Network Intent/Network Intent Cluster (NI/NIC) Automation

Network Intent/Network Intent Cluster (NI/NIC) is the automated diagnosis and rule check triggered by early warning alerts from a set of logic probes.  Together, PAF is different from the traditional monitoring systems, in that:

  • PAF is designed to enforce design and security rule checks automatically, not monitoring system errors
  • PAF must be customized based on network design, not one-size-for-all.
  • PAF can serve as a next-gen compliance check solution – it’s a 24X7 compliance check.

Network Intent

Network Intent provides users a no-code way to define a network design for a specific network device, design baselines, and how verify design enforcement. It provides a way to document network design intent allowing other engineers to quickly understand the device’s design and baseline or normal state of a particular device. More importantly, it provides a way to validate and verify network design without any code. When a network problem occurs, one or multiple NIs are violated. In the postmortem stage of this problem, the violated NIs are coded and automatically monitored. The next time a similar situation occurs, it can be solved automatically significantly reducing MTTR.

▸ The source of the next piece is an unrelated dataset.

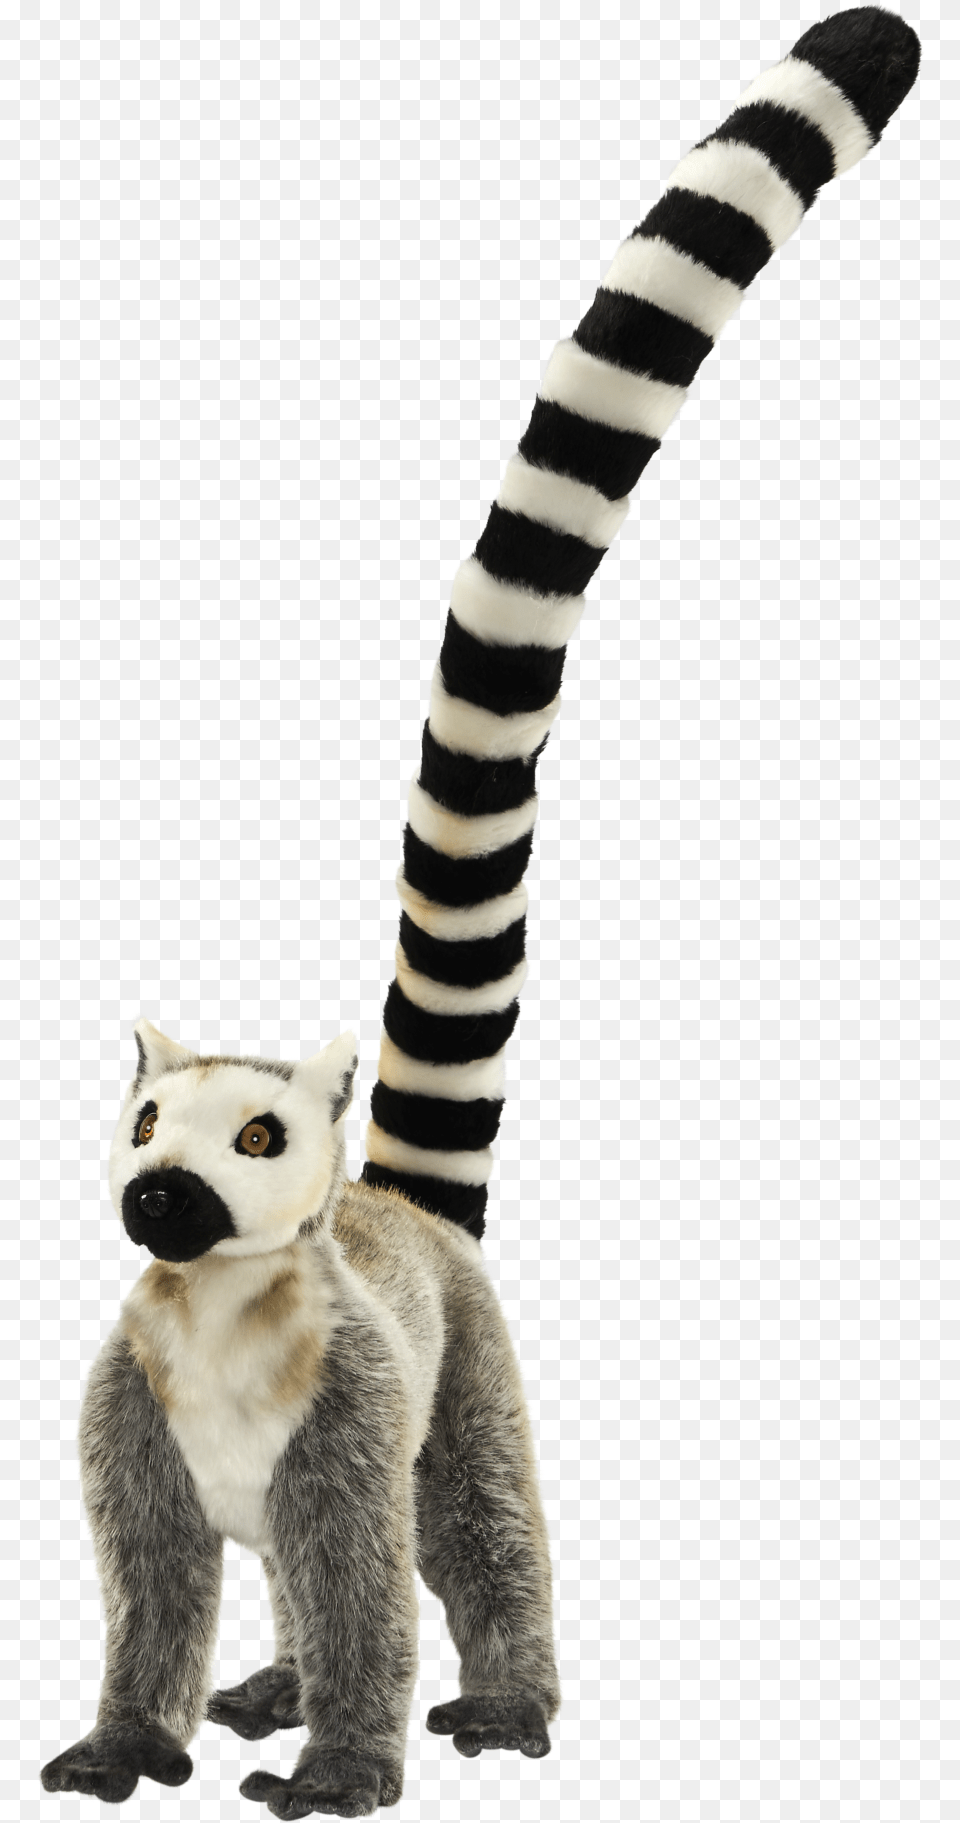 Lemur Tail Circle Dial Icon, Animal, Wildlife, Mammal, Cat Free Png

Network Intent as Automation Unit

As part of Adaptive Monitoring Automation, a NI automatically triggered by a Flash Probe as a backend process monitors the entire network’s status periodically. When NetBrain detects a flash alert, the system will automatically send notifications to the appropriate NetOps personnel. You can click the Incident/Map hyperlinks to open the map or incident in NetBrain Workstation. A respective runbook with time-of-event data will also be available in the map interface to assist with the root cause analysis. An end-user views the triggered NI results with the flash probe via a Decision Tree.

Monitor Network Intents

NetBrain Adaptive Monitoring Automation uses a set of scalable, hierarchal logical flash probes as monitoring units to detect when a data anomaly occurs on a single device via SNMP/CLI data polling and advanced anomaly analysis algorithms. As soon as one detects an anomaly, the system will take immediate action to execute the pre-defined network intents, the results of which will provide critical references to the root cause analysis and speed up the troubleshooting process.

 

Trigger the Execution of Network Intent (NI)

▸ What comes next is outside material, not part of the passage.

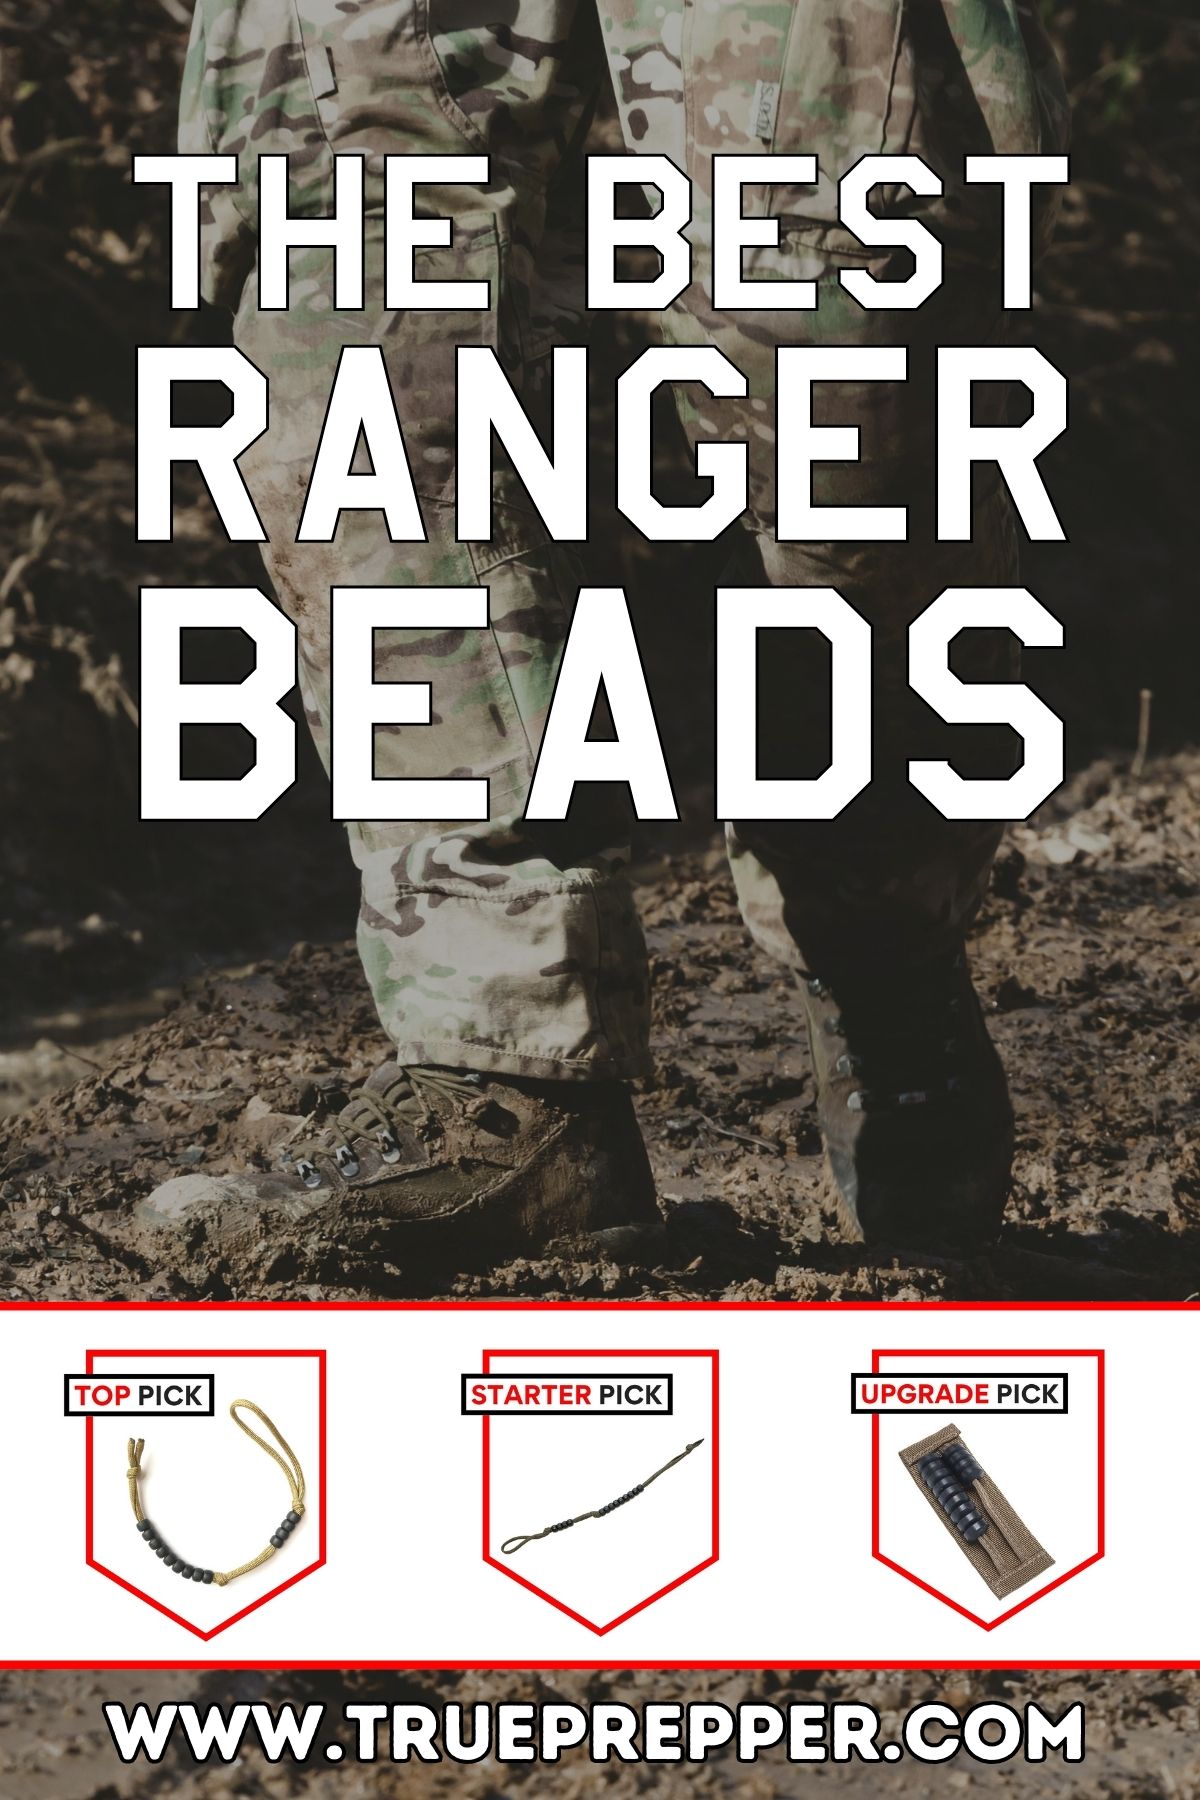 TPC Gear Pace Beads / Ranger Beads

Flash probes generate flash alerts to trigger the execution of a NI. When an incident occurs, the adaptive monitoring system captures the problem at the time of the incident. The NI executes, comparing the network status with the pre-determined threshold, previous status, or baseline data, and shows the results in the IBA dashboard or shares them with the user. The diagnosis is provided at the time of the event, allowing the user to check the problem before users experience performance degradation or outages preventing a serious network impact.

Scalable Adaptive Monitoring

Adaptive Monitoring System can horizontally scale as:

  • Distributed analysis on front servers: the data retrieval and flash probe calculation are executed on front servers locally, which can be scaled to a very large network with distributed front servers.
  • Hierarchical analysis from Primary Probe -> Secondary Probe-> Network Intent: the hierarchical design allows the system to efficiently use the resources to run Network Intent automation across the entire network.

Intent Library Subscription Service

Examples of common problem diagnosis situations contained in the PDAs Intent Library

NetBrain’s PDAs Intent Library service provides a continuously expanding library of pre-built expertise-based automation units ready to use right out of the box. These automation units address the most common scenarios seen in the vast majority of enterprises for event-driven responses, such as those reported via a network helpdesk service ticket), as well as for proactive design-level compliance, security, and application performance support verifications.

The Intent Library is extensible as well. Through no-code mechanisms built into the PDA System, your own subject matter experts can create additional situation and site-specific automation routines without any coding and add them to the Intent Library. Any network engineer or operator can use the automation routines to quickly and accurately solve problems when they reoccur. Subject Matter Expertise becomes available when the subject matter experts are not.

The NetBrain Intent Library is leveraged throughout the PDA System. When coupled with an ITSM/ITOM system, NetBrain PDAS triggered automation will draw from the Intent Library to implement the most useful set of diagnostics in response to specific events.

 

Enforce Configuration & Design Rules

Each network has its own design intent and configuration standards. By leveraging intent-based automation, you can encode the design intent and configuration standards into the Network Intents. These intents can be shared across the entire team and can be verified periodically.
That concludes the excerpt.